◆ WHAT THIS TASK INVOLVES
Go through the data below and repeat it exactly, skipping each picture.

◆ COLLECTED MATERIAL
= Beginning of Section =

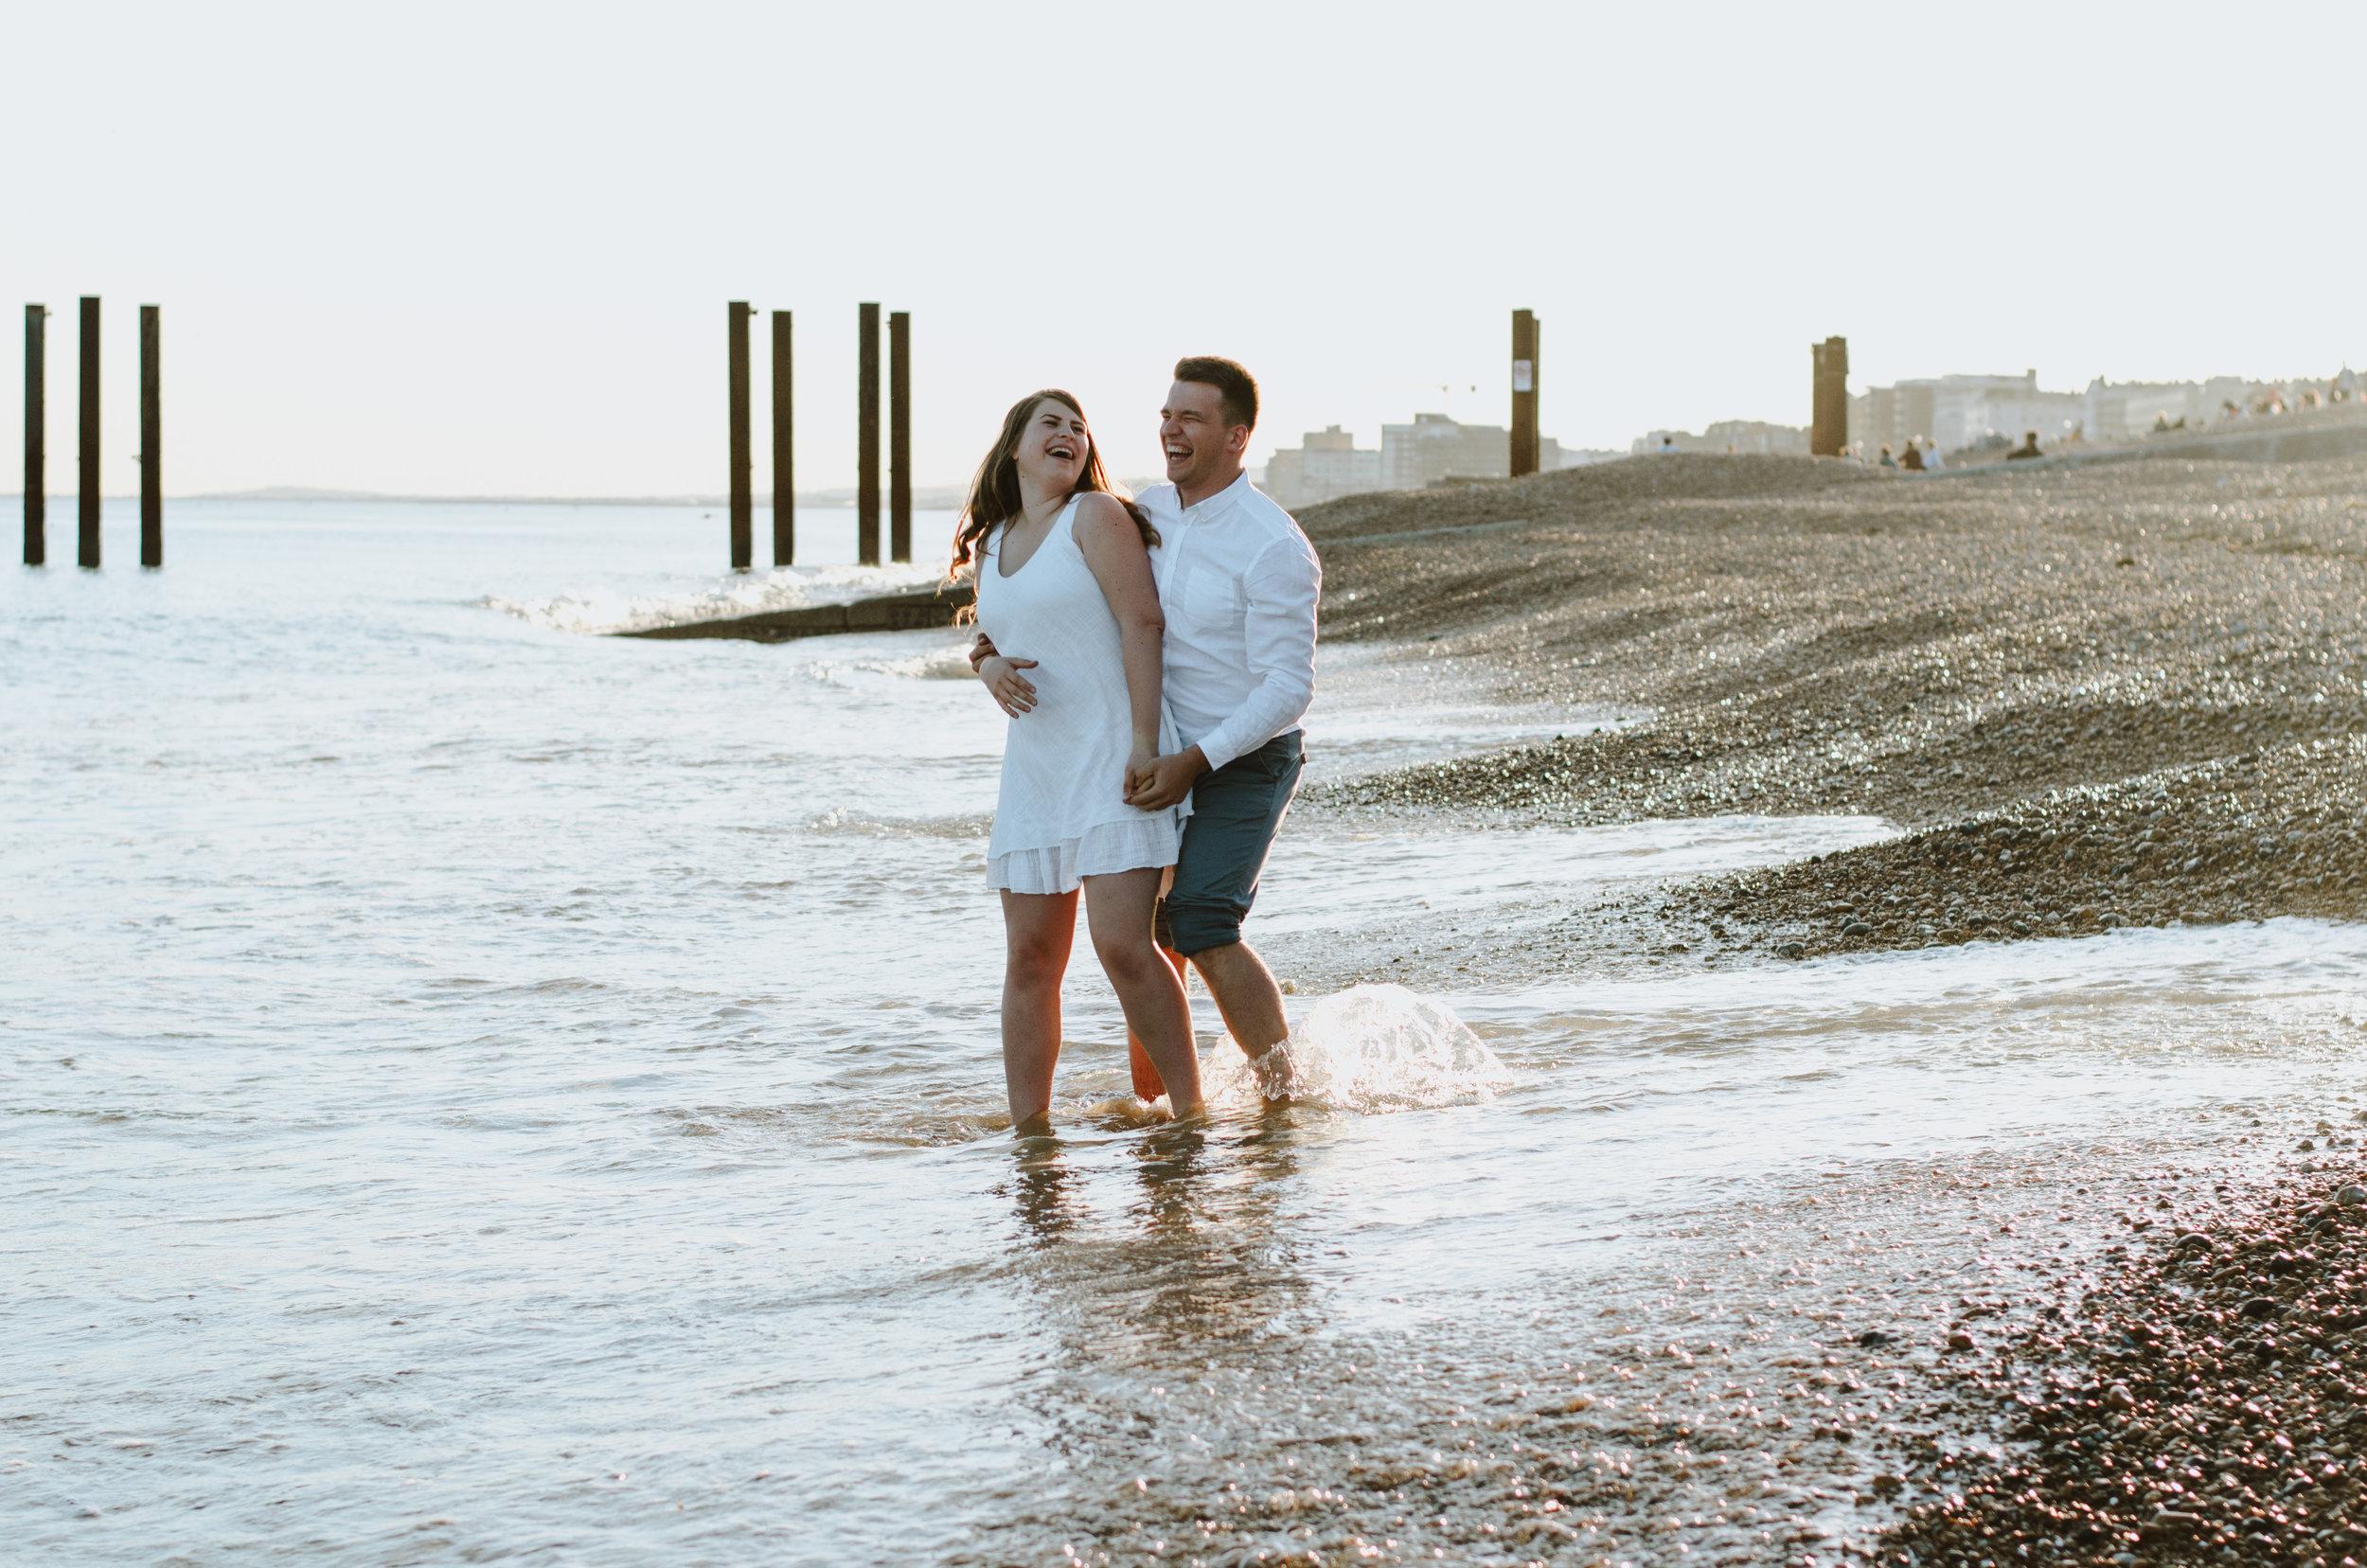 Ieva & Julius - Sneak Peeks - Aiste Saulyte Photography-3.jpg
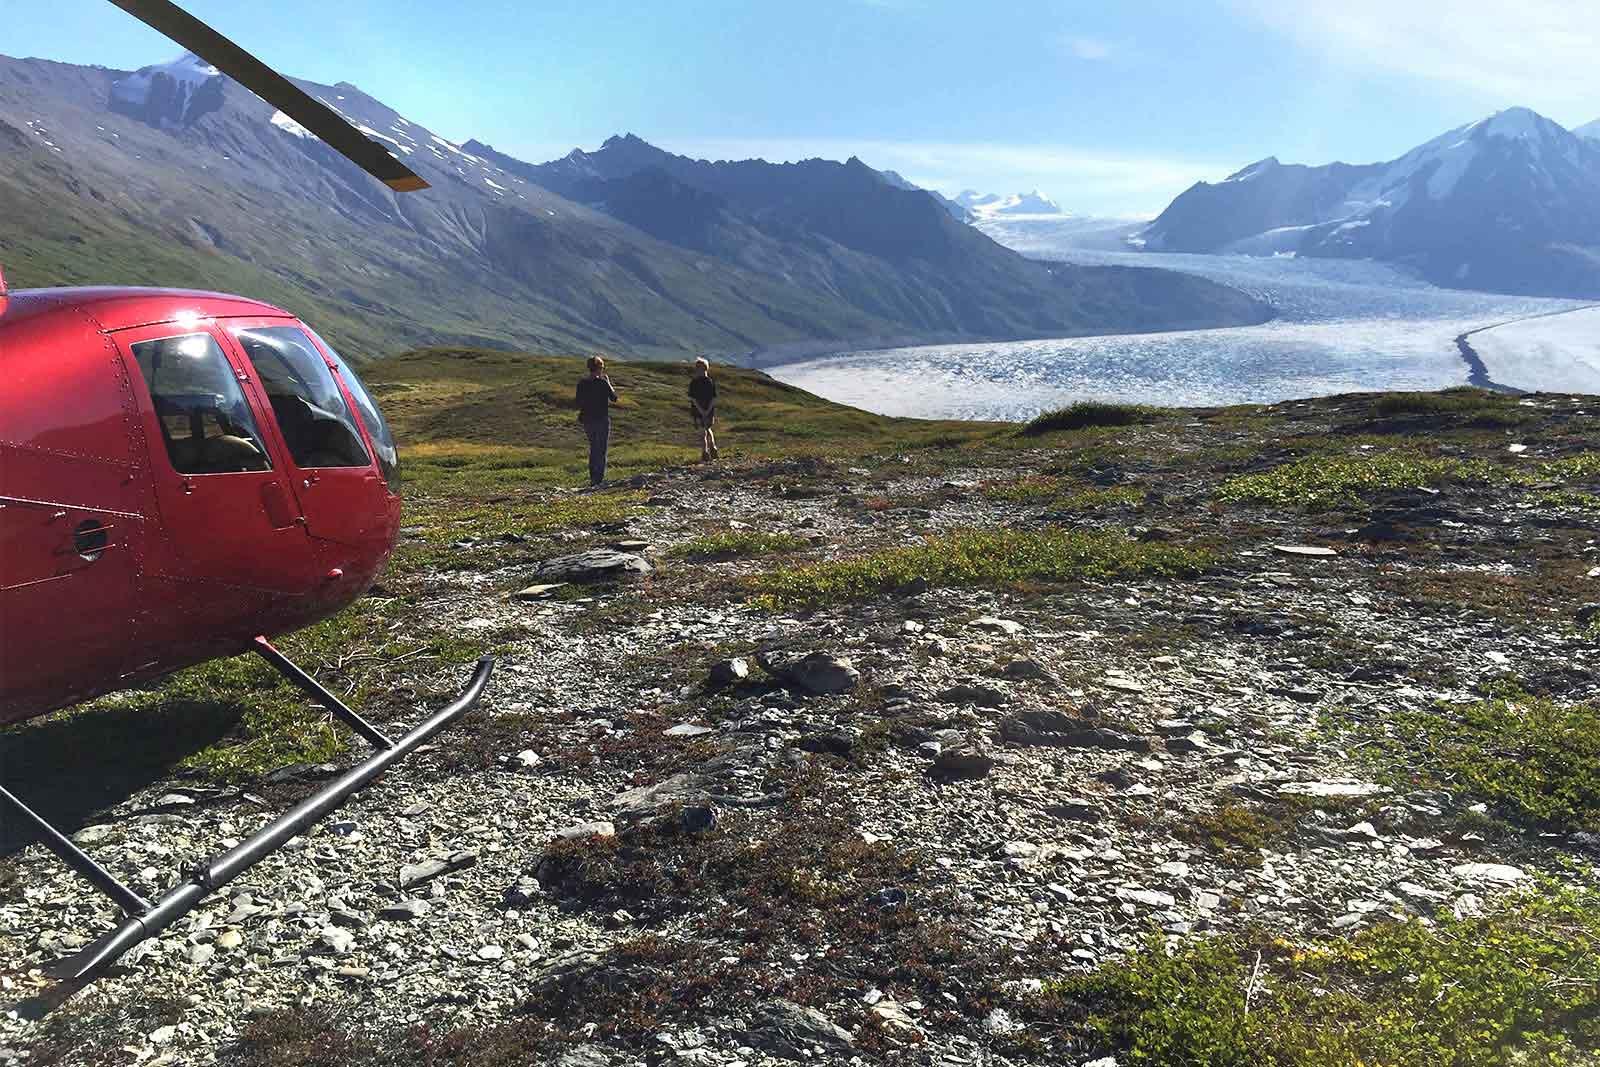 Alaska Glacier Heli Hiking
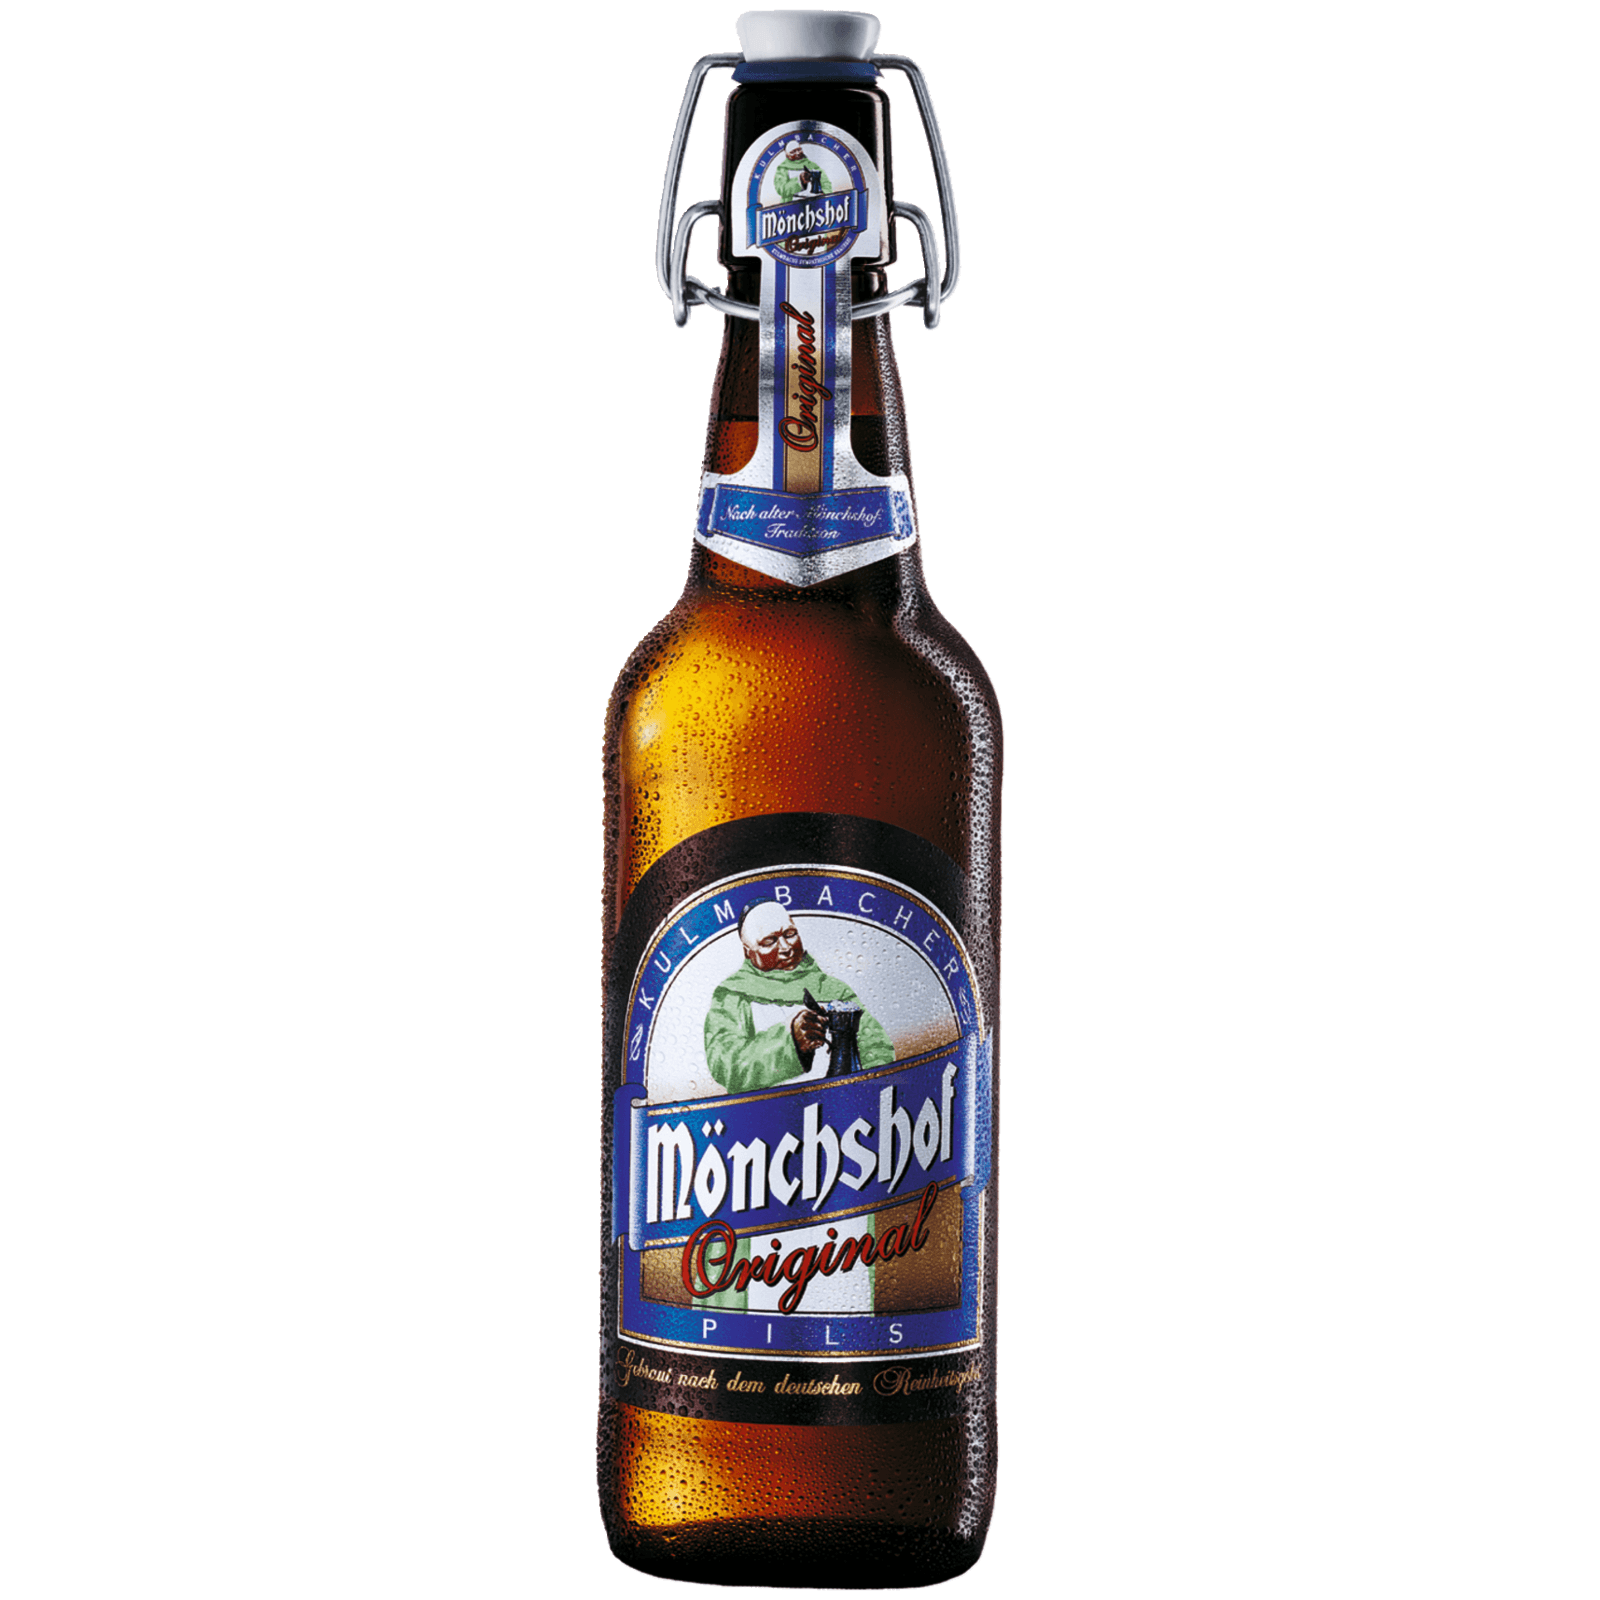 Mönchshof Original 0,5l

= End of Section =

◆ EXERCISE ANSWER
 Ieva & Julius - Sneak Peeks - Aiste Saulyte Photography-3.jpg
 Alaska Glacier Heli Hiking
 Mönchshof Original 0,5l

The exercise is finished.